A possible alternative to CTE is a subquery. Let's see how the execution plan looks like when we inline the CTE as a subquery:
haki=# explain (analyze on, timing on)
select * from (select * from foo) as subquery where id = 500000;
QUERY PLAN
------------------------------
Index Scan using foo_id_ix on foo (cost=0.42..8.44 rows=1 width=37)
(actual time=0.028..0.031 rows=1 loops=1)
Index Cond: (id = 500000)
Execution time: 0.066 ms
The execution plan using the subquery is similar to the simple query without the CTE. PostgreSQL was smart enough to apply the predicate id = 500000
in the subquery and utilize the index.
Is it Possible to Prevent PostgreSQL From Materializing a CTE?
The short answer is not that I know of.
To illustrate the difference let's look at how Oracle behaves under similar circumstances (setup can be found here):
> SELECT * FROM foo WHERE id = 500000;
-----------------------------------------------------------------
| Id | Operation | Name | Rows | Cost |
-----------------------------------------------------------------
| 0 | SELECT STATEMENT | | 1 | 21 |
| 1 | TABLE ACCESS BY INDEX ROWID | FOO | 1 | 21 |
| * 2 | INDEX RANGE SCAN | FOO_ID_IX | 37 | 1 |
-----------------------------------------------------------------
Predicate Information (identified by operation id):
------------------------------------------
* 2 - access("ID"=500000)
> WITH cte AS (
SELECT * FROM foo
)
SELECT * FROM cte WHERE id = 500000;
-----------------------------------------------------------------
| Id | Operation | Name | Rows | Cost |
-----------------------------------------------------------------
| 0 | SELECT STATEMENT | | 1 | 21 |
| 1 | TABLE ACCESS BY INDEX ROWID | FOO | 1 | 21 |
| * 2 | INDEX RANGE SCAN | FOO_ID_IX | 37 | 1 |
-----------------------------------------------------------------
Predicate Information (identified by operation id):
------------------------------------------
* 2 - access("FOO"."ID"=500000)
Unlike PostgreSQL, Oracle is not materializing CTEs by default and the two queries generate the same execution plan.
There is however, an undocumented hint in Oracle that can be used to force it to materialize the CTE the same way PostgreSQL does:
> WITH cte AS (
SELECT /*+ MATERIALIZE */ * FROM foo
)
SELECT * FROM cte WHERE id = 500000;
--------------------------------------------------------------
| Id | Operation | Name | Rows | Cost |
--------------------------------------------------------------
| 0 | SELECT STATEMENT | | 9308 | 46 |
| 1 | TEMP TABLE TRANSFORMATION | | | |
| 2 | LOAD AS SELECT | SYS_TEMP | | |
| 3 | TABLE ACCESS FULL | FOO | 9308 | 22 |
| * 4 | VIEW | | 9308 | 24 |
| 5 | TABLE ACCESS FULL | SYS_TEMP | 9308 | 24 |
--------------------------------------------------------------
Predicate Information (identified by operation id):
------------------------------------------
* 4 - filter("ID"=500000)
In the execution plan we can see that Oracle created an in-memory temp table to store the results of the CTE. The runtime and the memory usage are significantly higher.
Predicate Push Down and CTE Inlining
The behaviour illustrated above is often referred to as "push predicate", "predicate push down" or "CTE inlining".
Predicate push down means that the query optimizer can move predicates around based on logical rules in order generate better execution plans.
CTE inlining is when the query optimizer decides to inline a CTE as a subquery which, as we've seen above, makes it possible to push the predicate.

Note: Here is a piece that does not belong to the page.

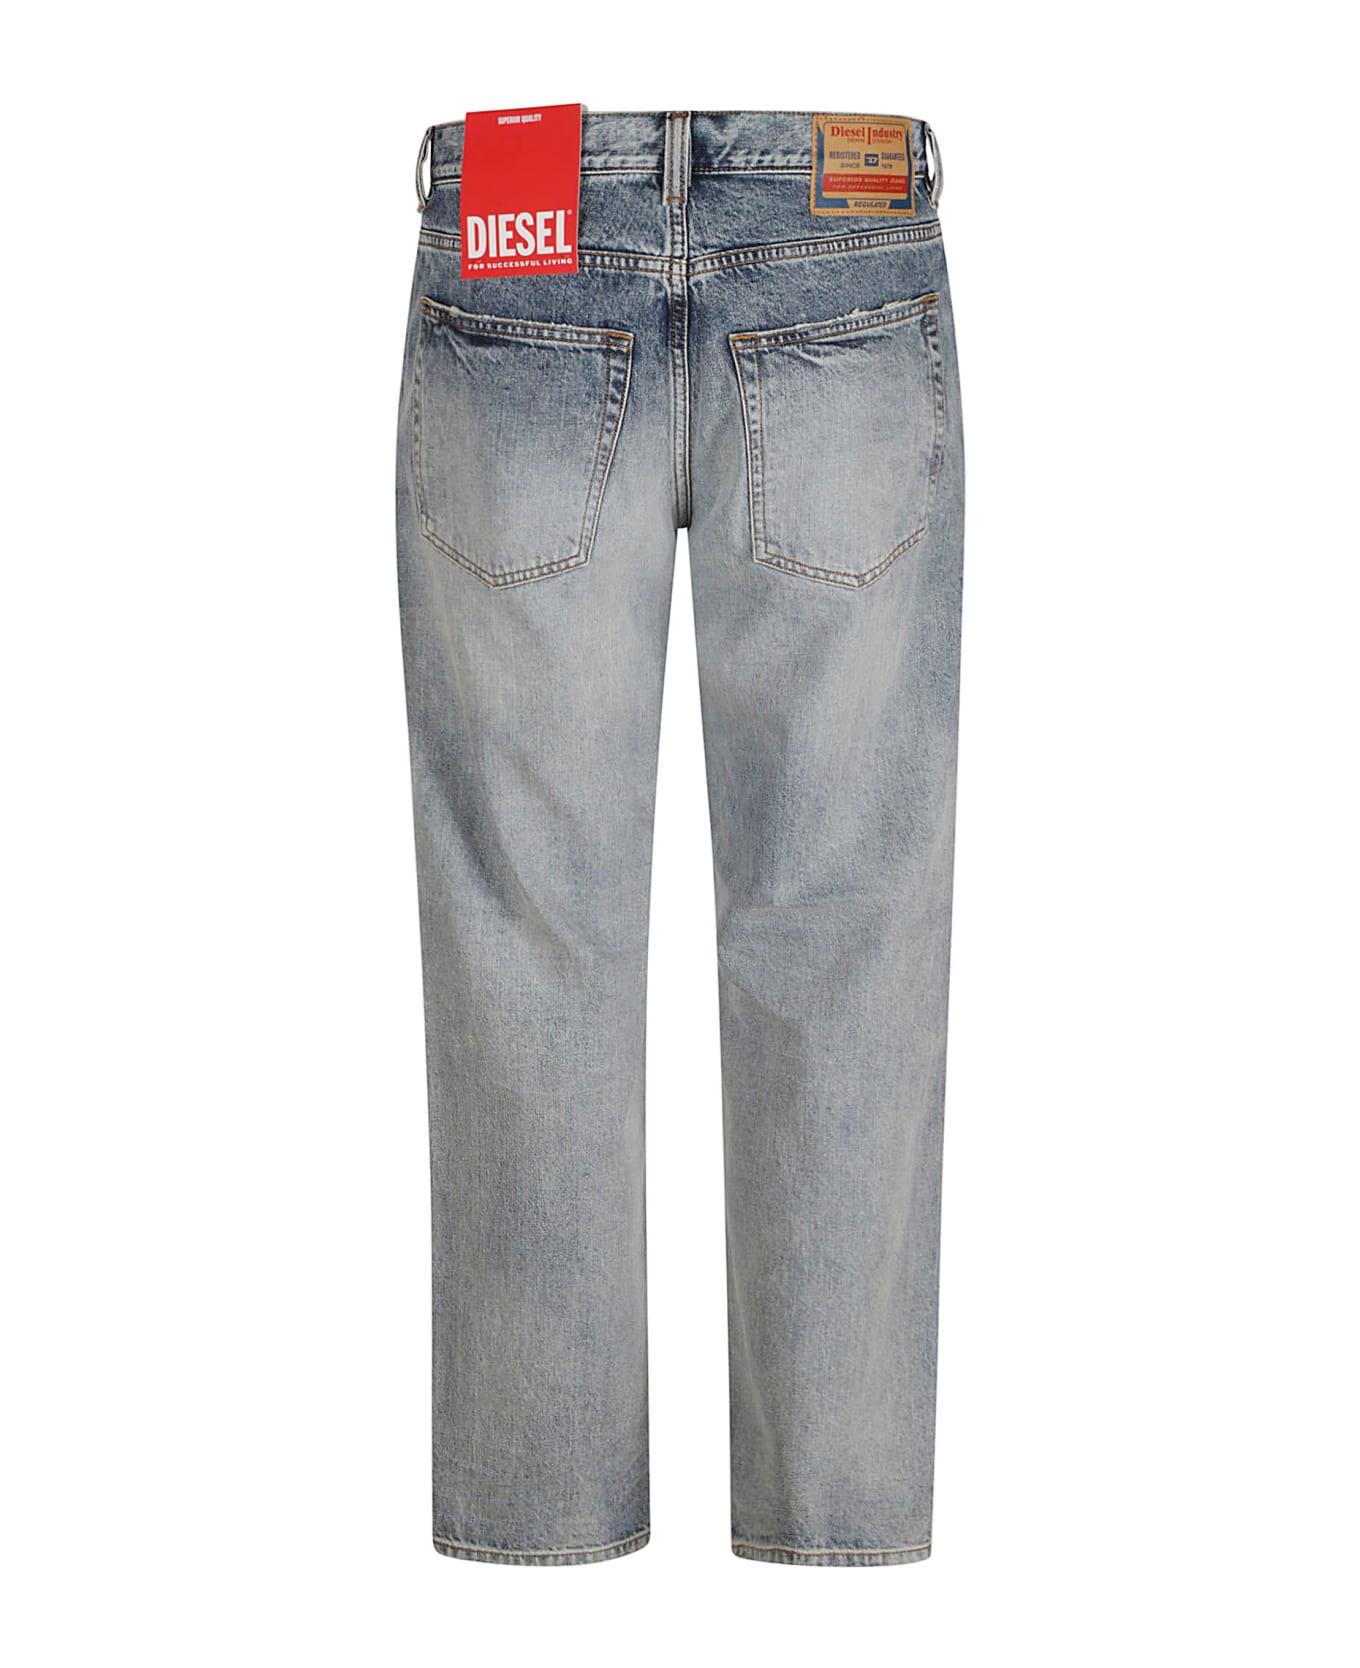 Diesel Straight Buttoned Jeans - Non dye

PostgreSQL is not inlining CTEs.
Discussions about the original decision to not inline CTEs and newer requests to change this behavior can be found in the PostgreSQL mailing lists.
Should I Stop Using CTE?
No! CTE are awesome and very useful. It's just important to be aware, especially in PostgreSQL, that CTEs are materialized. I found many cases where easy performance gains were achieved simply by inlining CTEs.